What you will do: Go through the listing that follows and write it out exactly. Drop the pictures.

Information shown:
[Start of section]

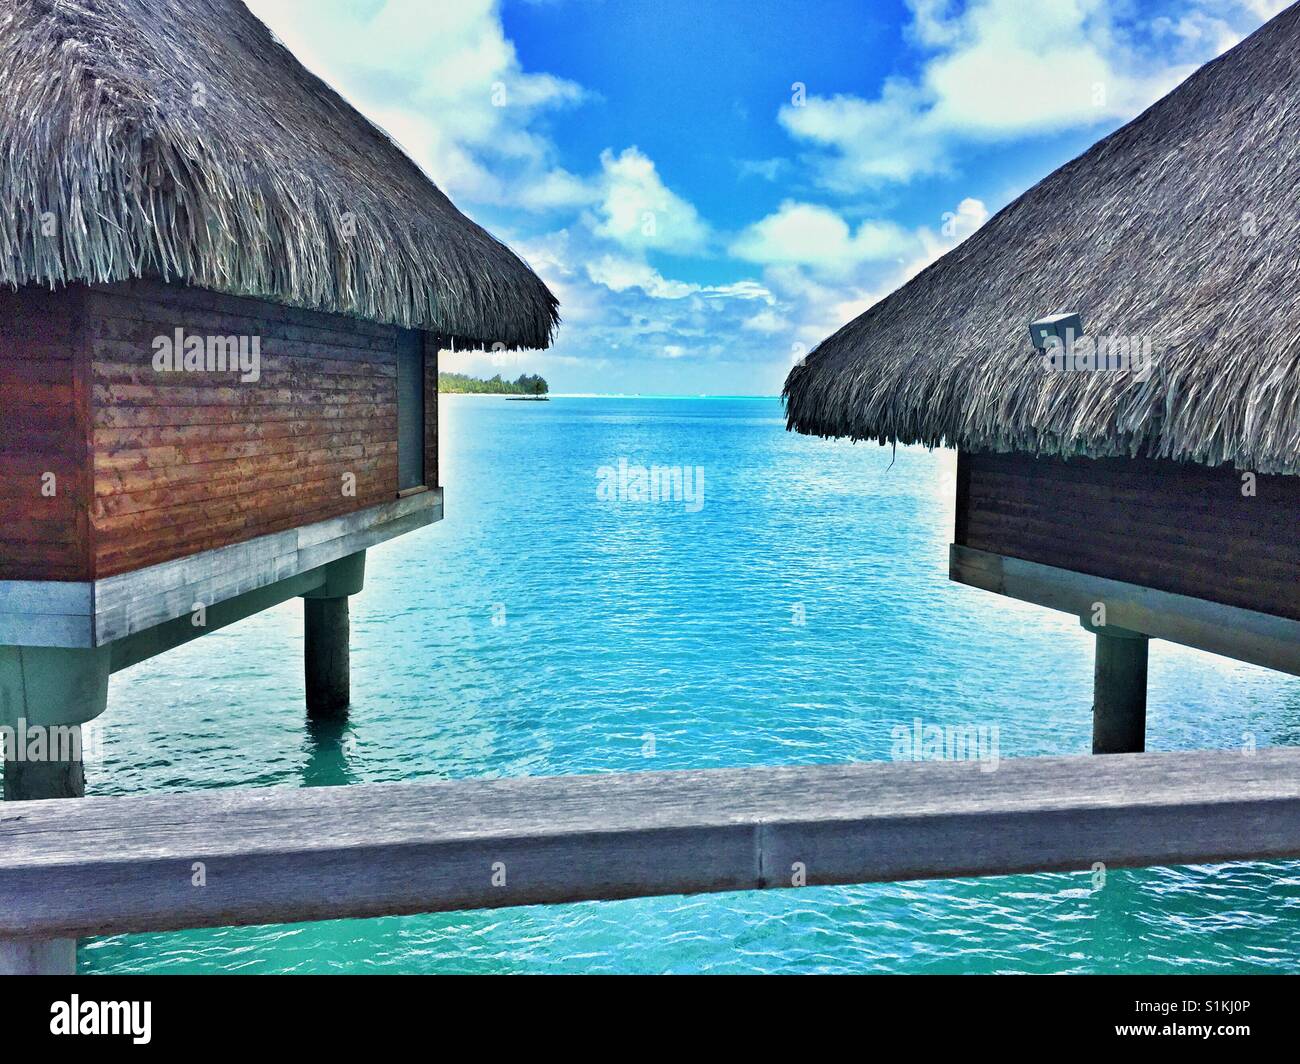 Overwater bungalows in Bora Bora, French Polynesia Stock Photo
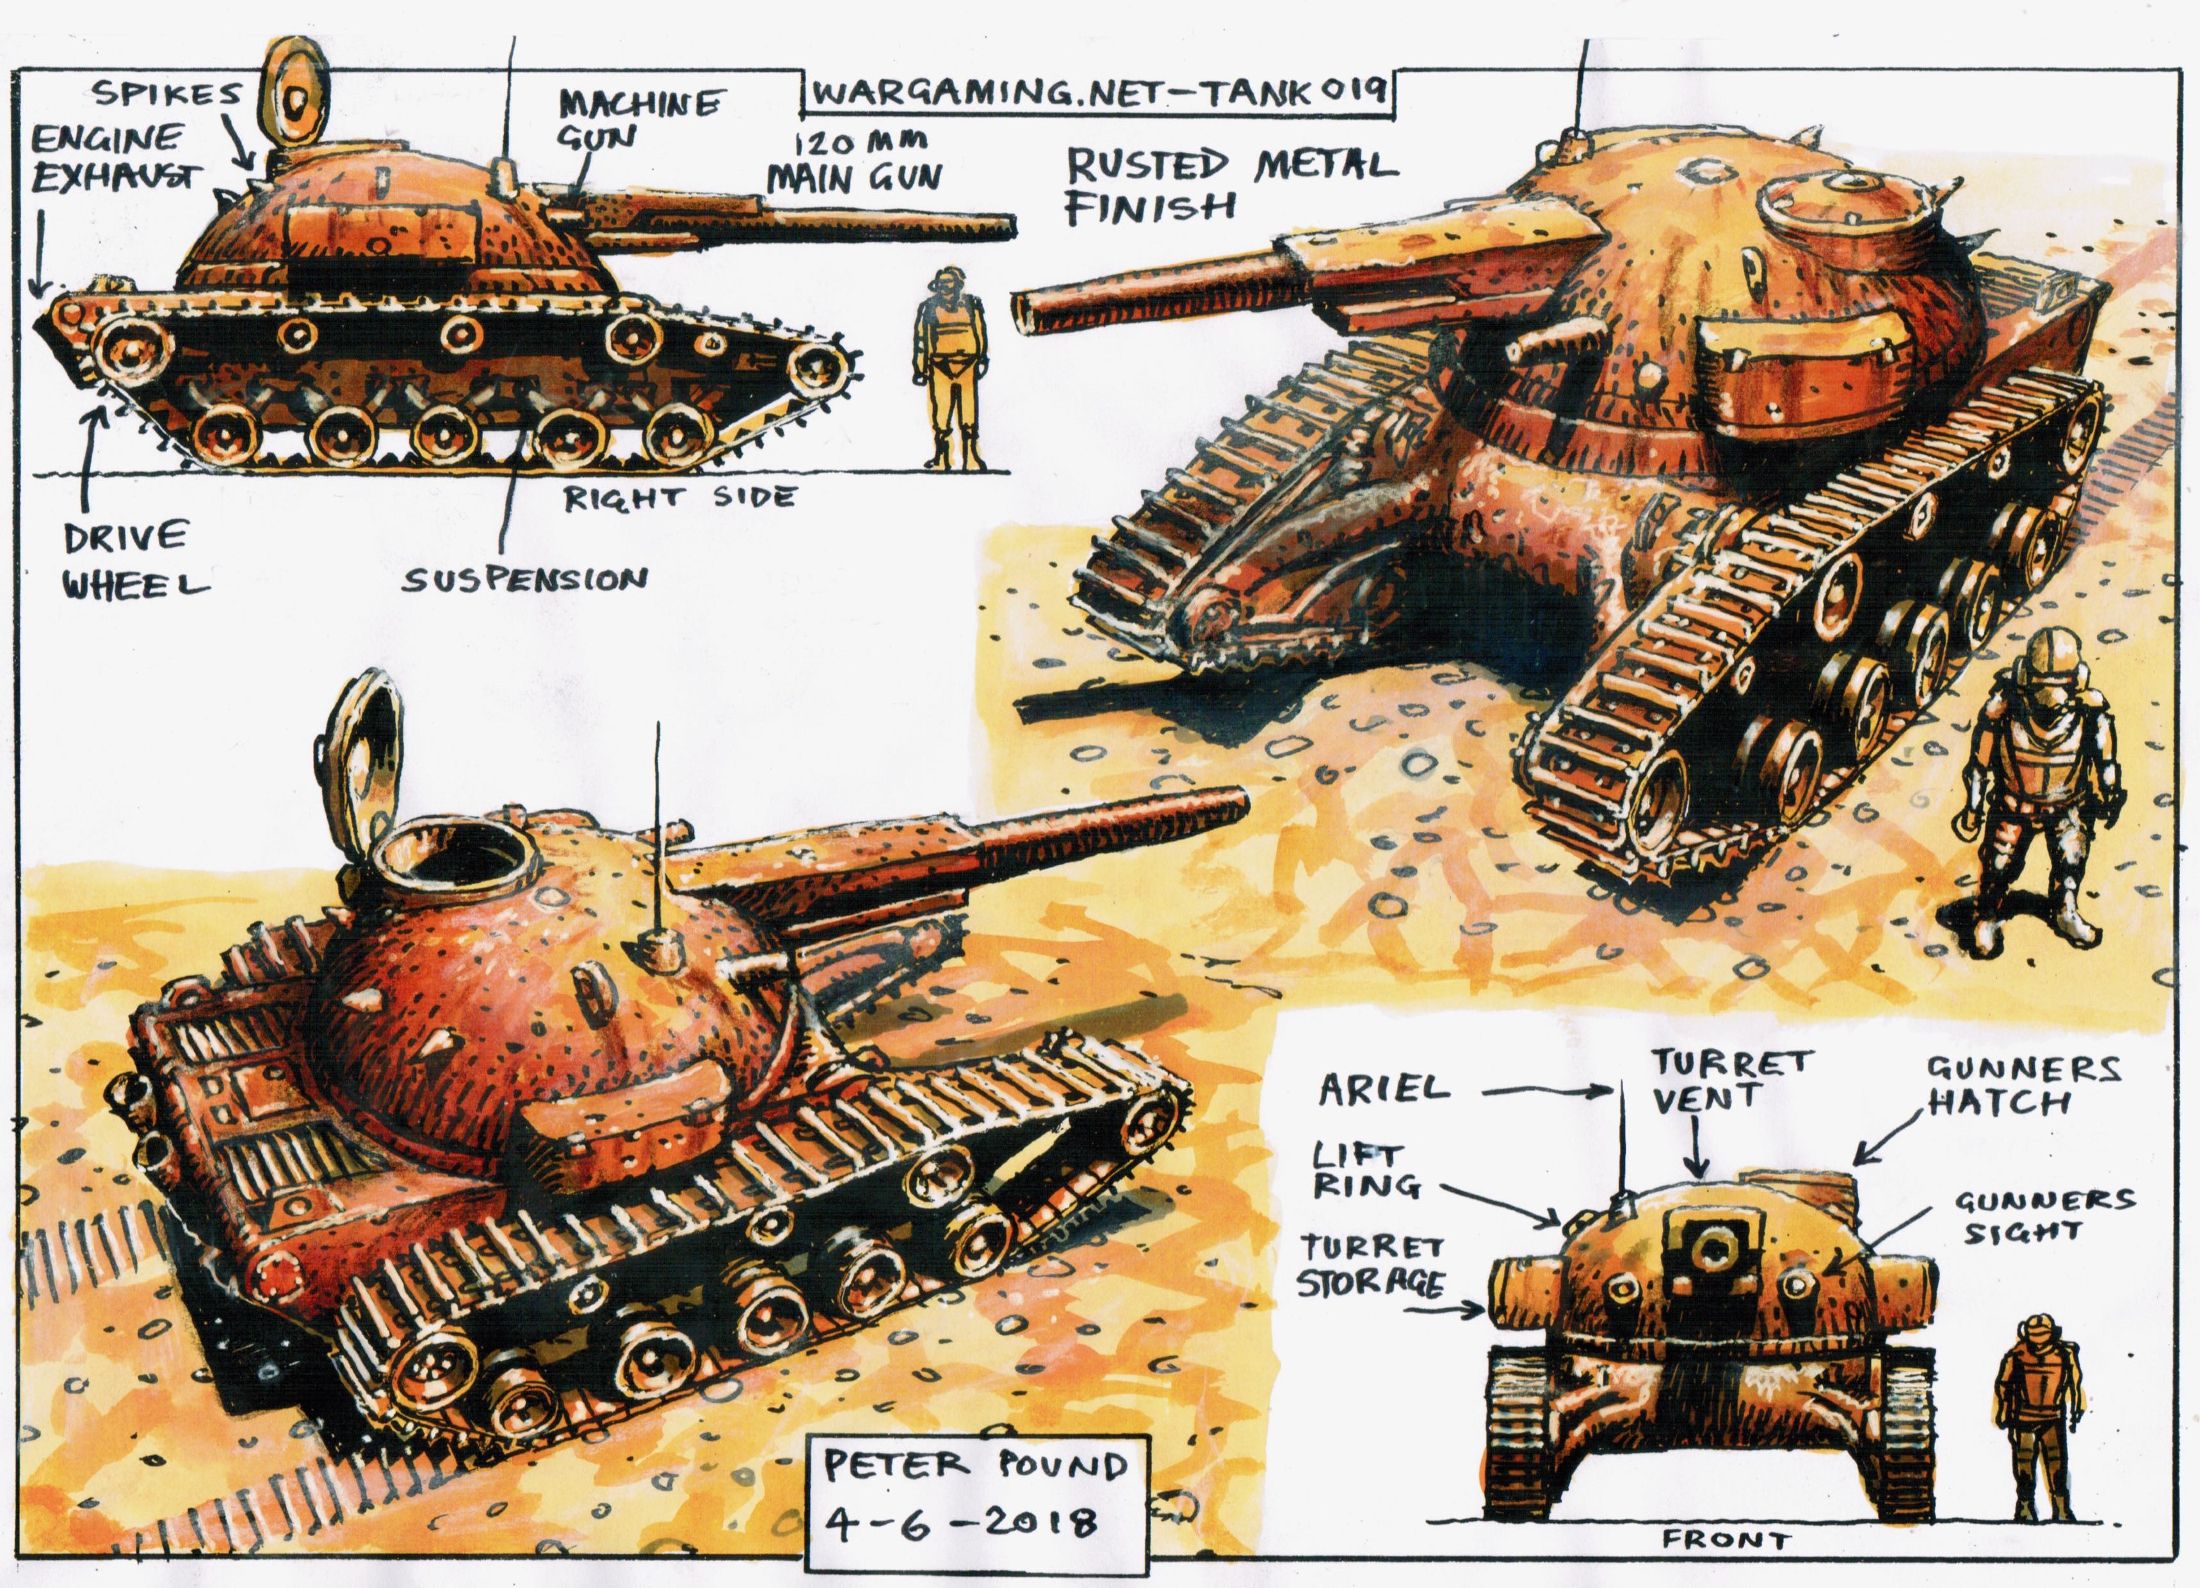 World of Tanks Blitz Peter Pound Scavenger
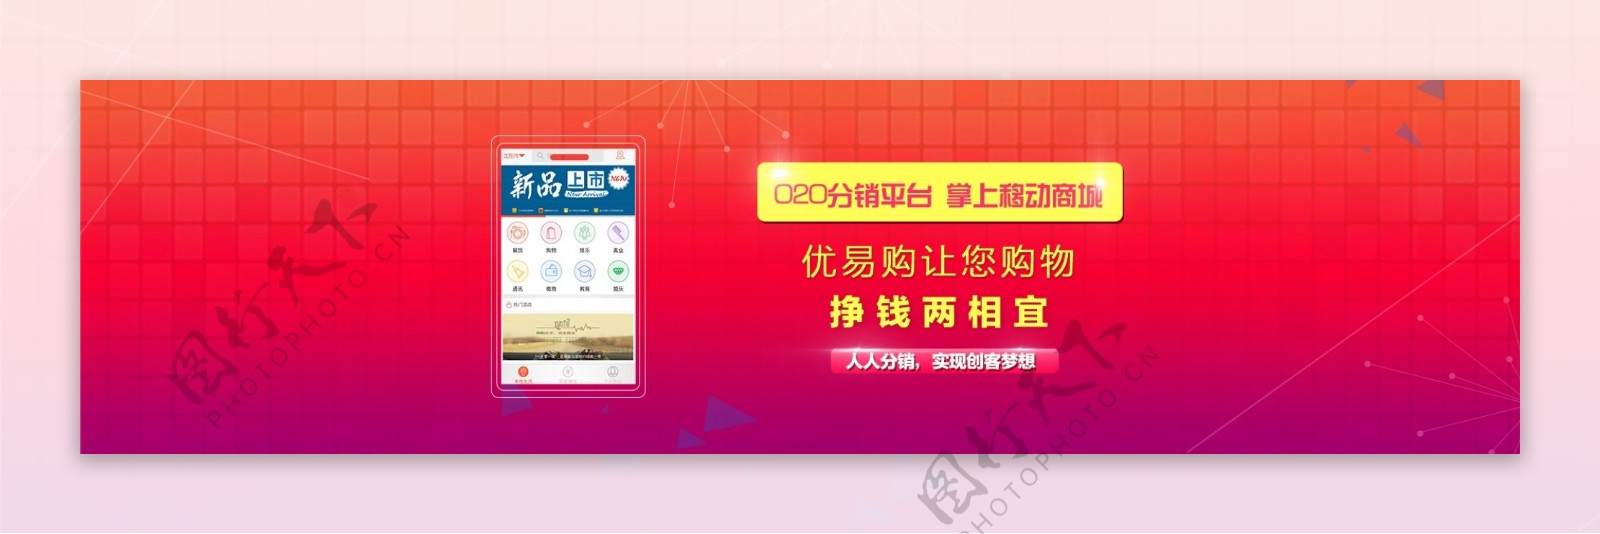 网页海报banner优易购o2o平台

[End of section]

Result of the task:
 Overwater bungalows in Bora Bora, French Polynesia Stock Photo
 World of Tanks Blitz Peter Pound Scavenger
 网页海报banner优易购o2o平台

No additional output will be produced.